The ID and VBUS event input does come over a GPIO though.

> 
> Well, AM437x has the DRVVBUS signal which, for the most part at least,
> works fine in HW mode. There are some concerns about VBUS contention
> (ping Dave K about that, btw. You wanna know about that).
> 
> AM57x, however, has ID and VBUS tied to GPIOs (or was it only VBUS?)

ID is over GPIO, VBUS input comes via PMIC.
It does have usb_drvvbus as well that controls the VBUS regulator.

> 
>>>>>> So this cant be done IMO.
>>>>>
>>>>> why not?
>>>>
>>>> If host controller state is maintained during a suspend/resume then
>>>> you are unnecessary doing a full re-init and loosing context.
>>>> And on dra7-evm that seems to be the case.
>>>
>>> oh, I see. Then that's simple enough to fix :-) Here you go:
>>>
>>> @@ -1094,6 +1094,7 @@ static int dwc3_suspend_common(struct dwc3 *dwc)

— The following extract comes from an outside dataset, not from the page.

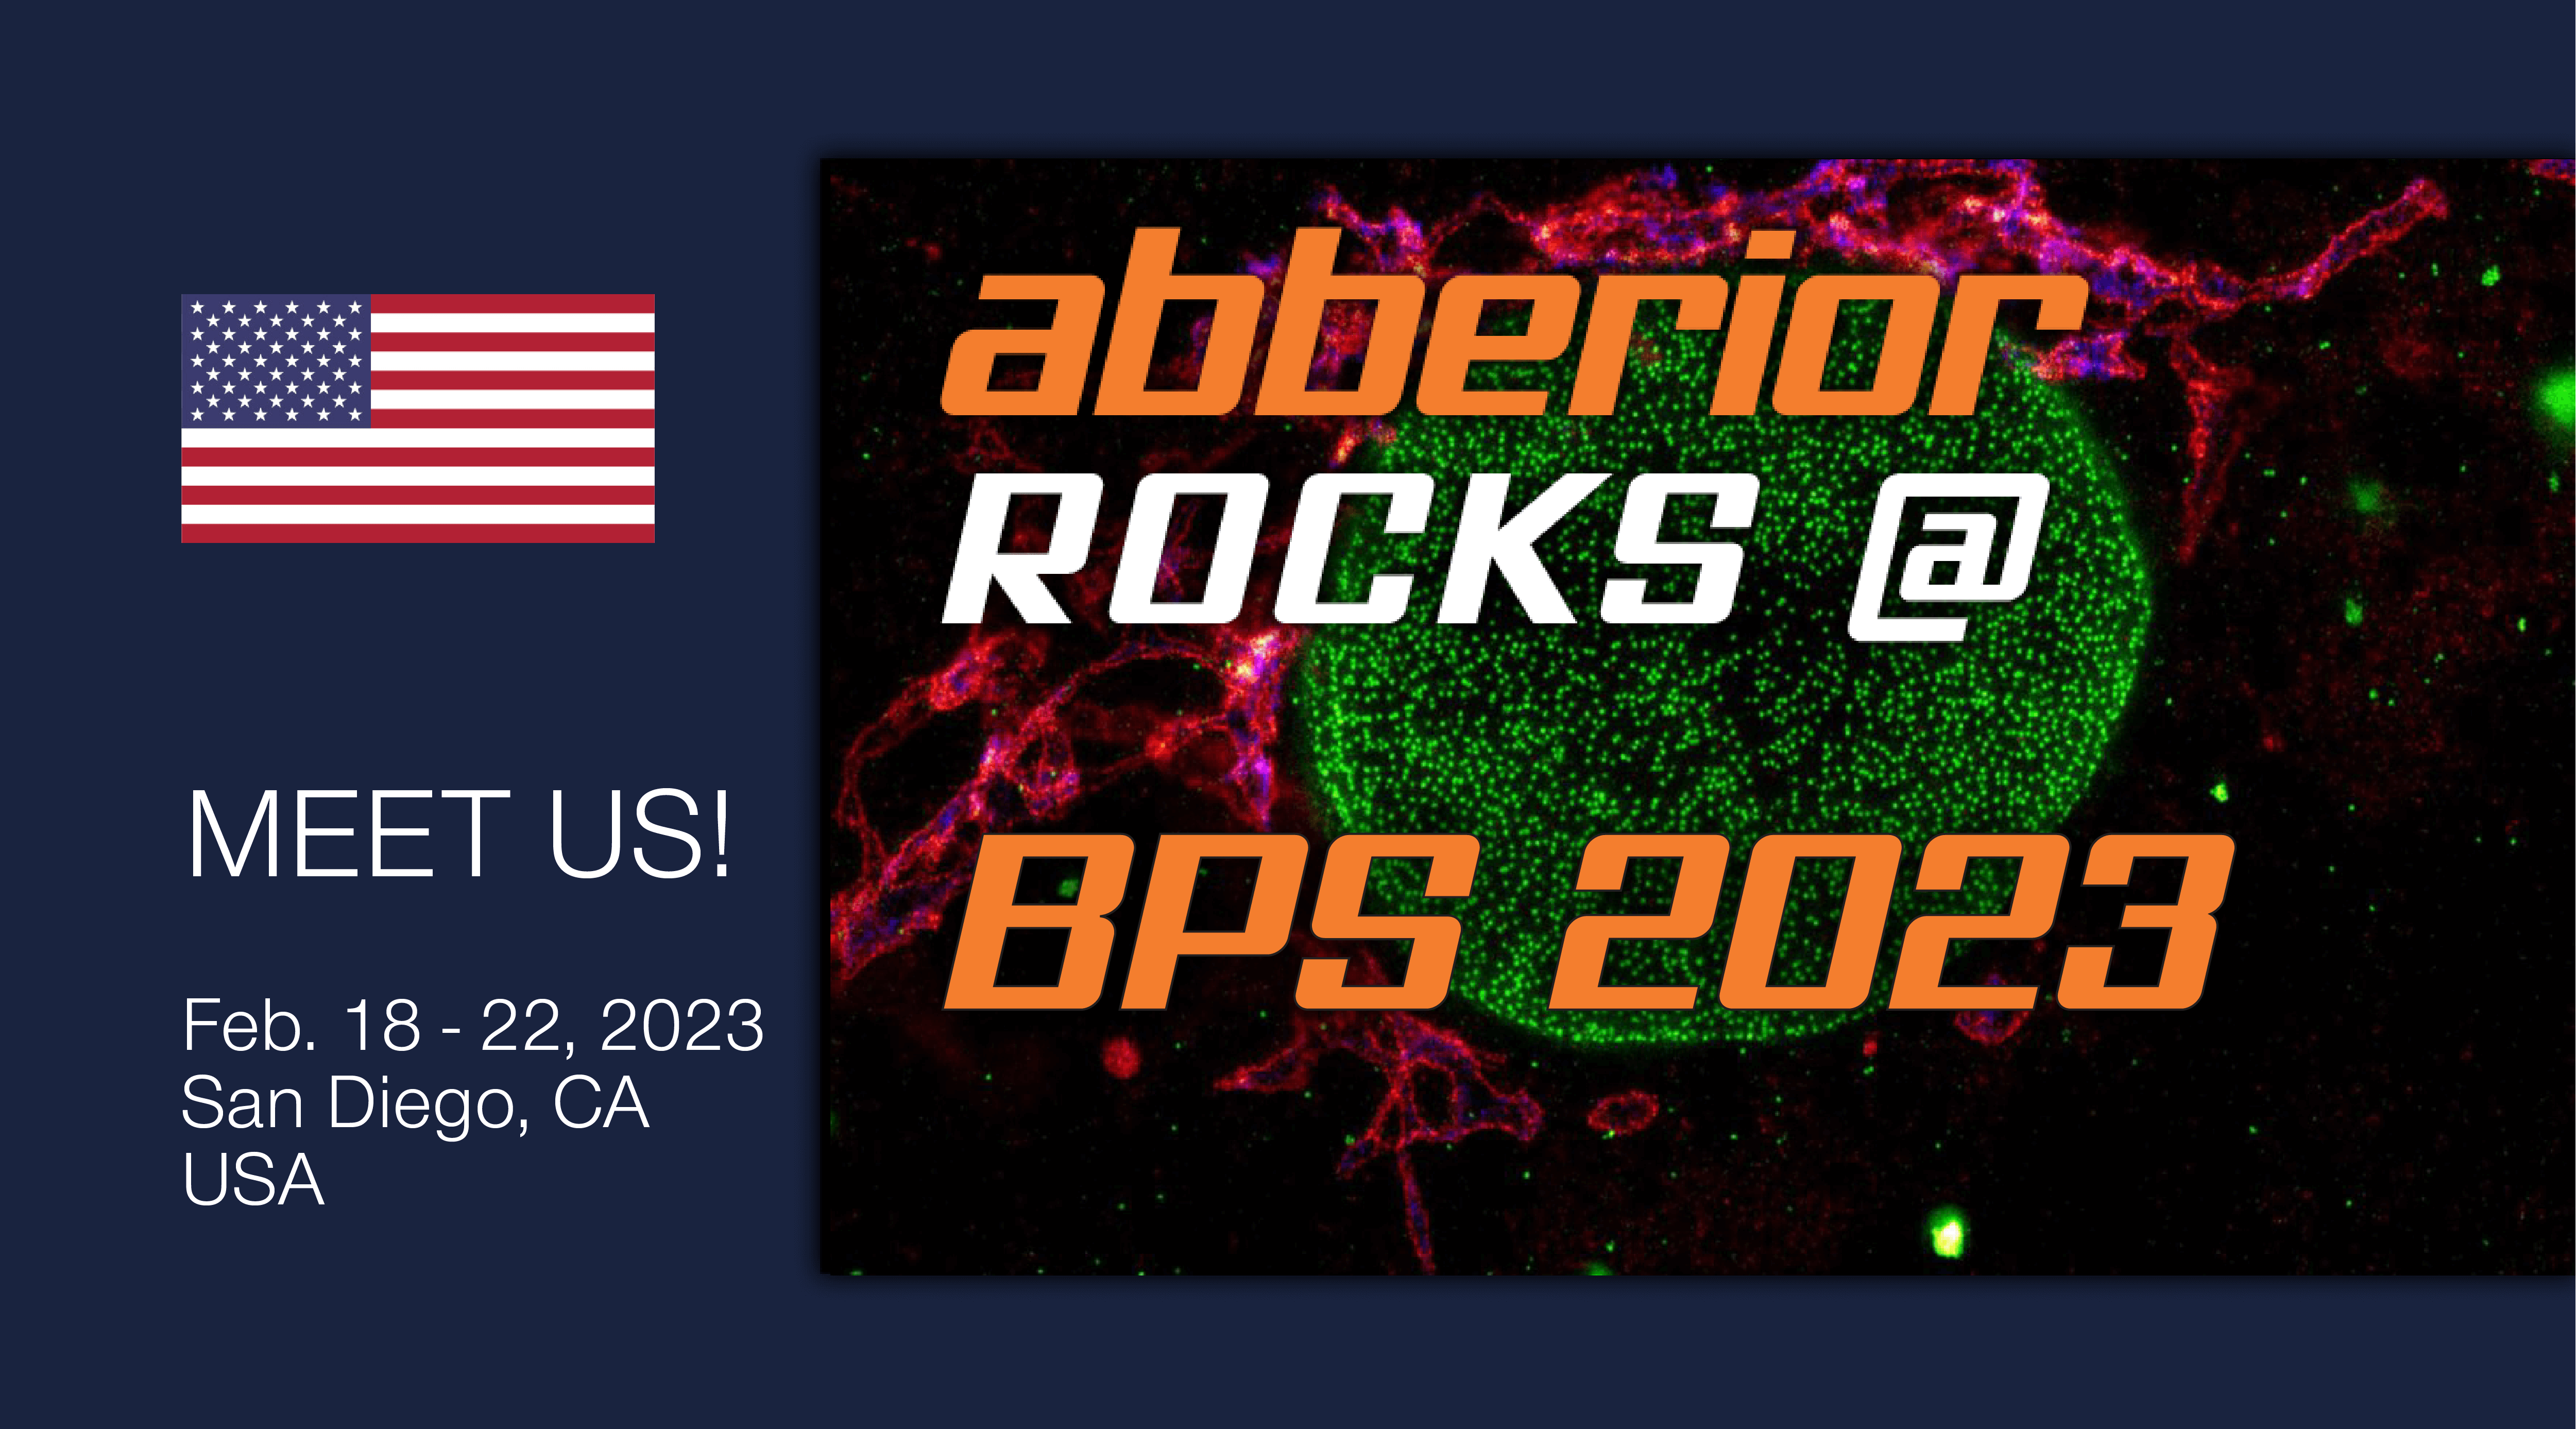 abberior rocks @ BPS 2023

>>>  		spin_lock_irqsave(&dwc->lock, flags);
>>>  		dwc3_gadget_suspend(dwc);
>>>  		spin_unlock_irqrestore(&dwc->lock, flags);
>>> +		dwc3_core_exit(dwc);
>>>  		break;
>>>  	case USB_DR_MODE_HOST:
>>>  	default:
>>
>> core_exit twice for PERIPHERAL/OTG case?
>>
>>> @@ -1111,13 +1112,13 @@ static int dwc3_resume_common(struct dwc3 *dwc)

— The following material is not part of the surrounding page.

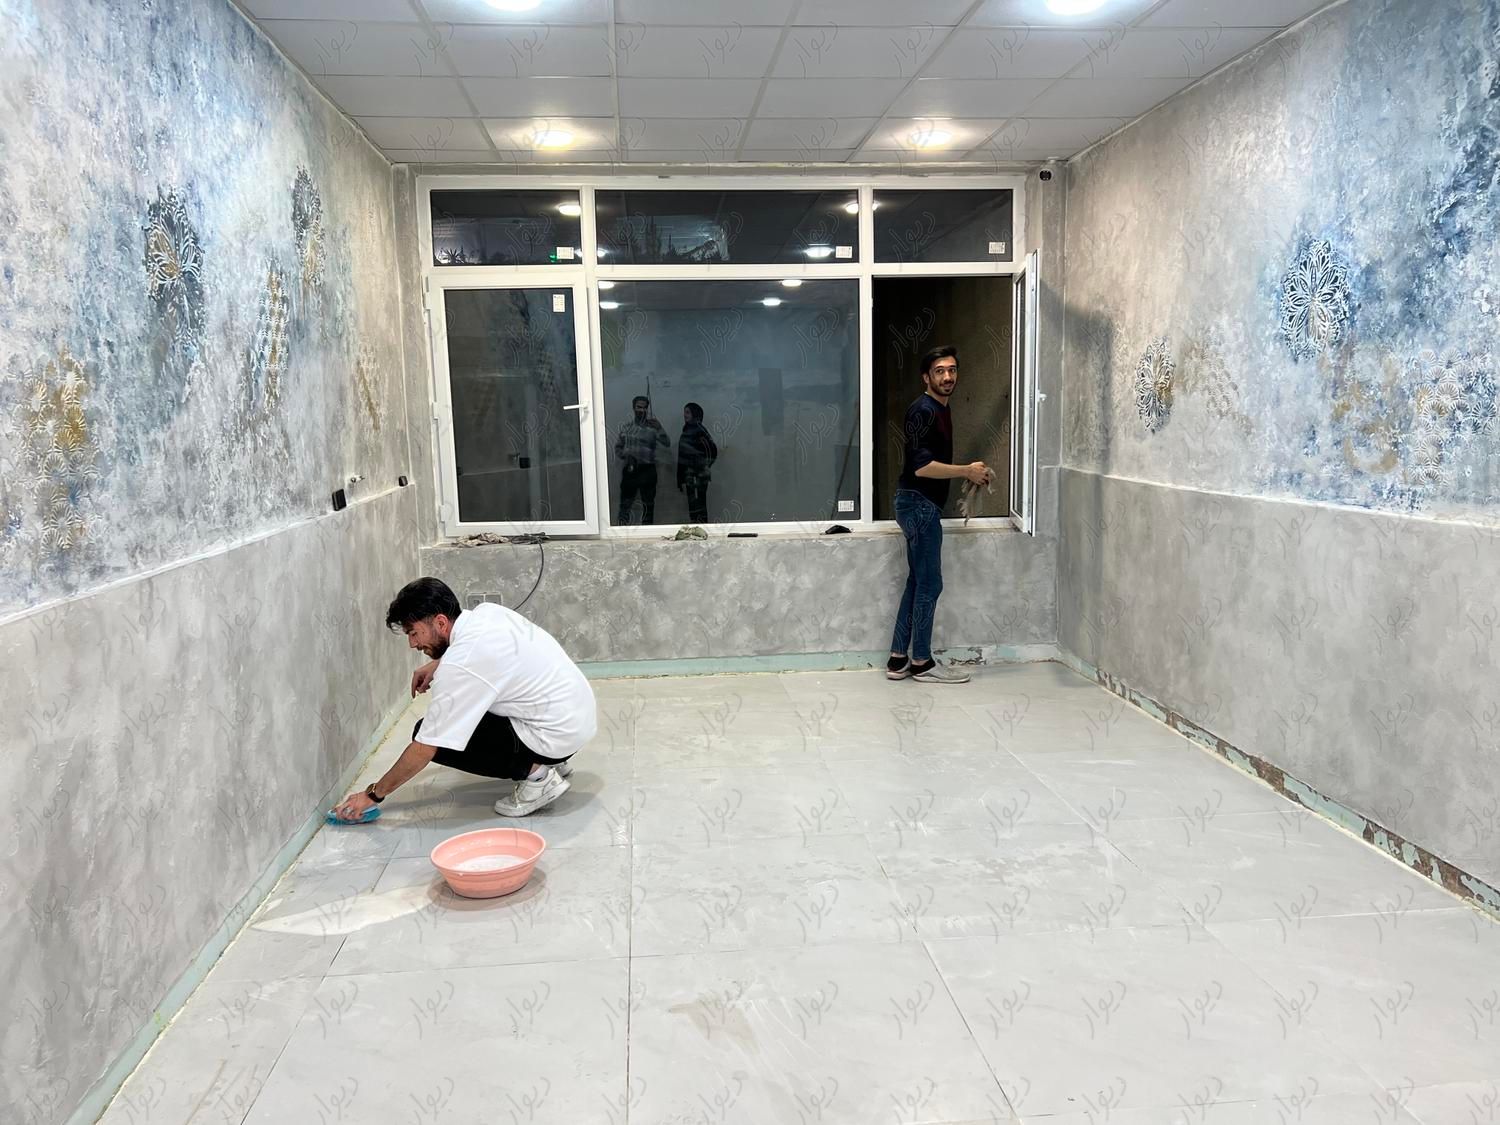 اجاره دفتر کار و اتاق با امکانات کامل|اجارهٔ کوتاه مدت دفتر کار و فضای آموزشی|مشهد, احمدآباد|دیوار

>>>  	unsigned long	flags;
>>>  	int		ret;
>>>  
>>> -	ret = dwc3_core_init(dwc);
>>> -	if (ret)
>>> -		return ret;
>>> -
>>>  	switch (dwc->dr_mode) {
>>>  	case USB_DR_MODE_PERIPHERAL:
>>>  	case USB_DR_MODE_OTG:
>>> +		ret = dwc3_core_init(dwc);
>>> +		if (ret)
>>> +			return ret;
>>> +
>>>  		spin_lock_irqsave(&dwc->lock, flags);
>>>  		dwc3_gadget_resume(dwc);
>>>  		spin_unlock_irqrestore(&dwc->lock, flags);
>>>
>>> Can you test that?
>>
>> Can you send a diff that applies on patch 18 please?
> 
> diff --git a/drivers/usb/dwc3/core.c b/drivers/usb/dwc3/core.c
> index 80e9affd3d77..9da0b4dfb0ac 100644
> --- a/drivers/usb/dwc3/core.c
> +++ b/drivers/usb/dwc3/core.c
> @@ -1118,6 +1118,7 @@ static int dwc3_suspend(struct device *dev)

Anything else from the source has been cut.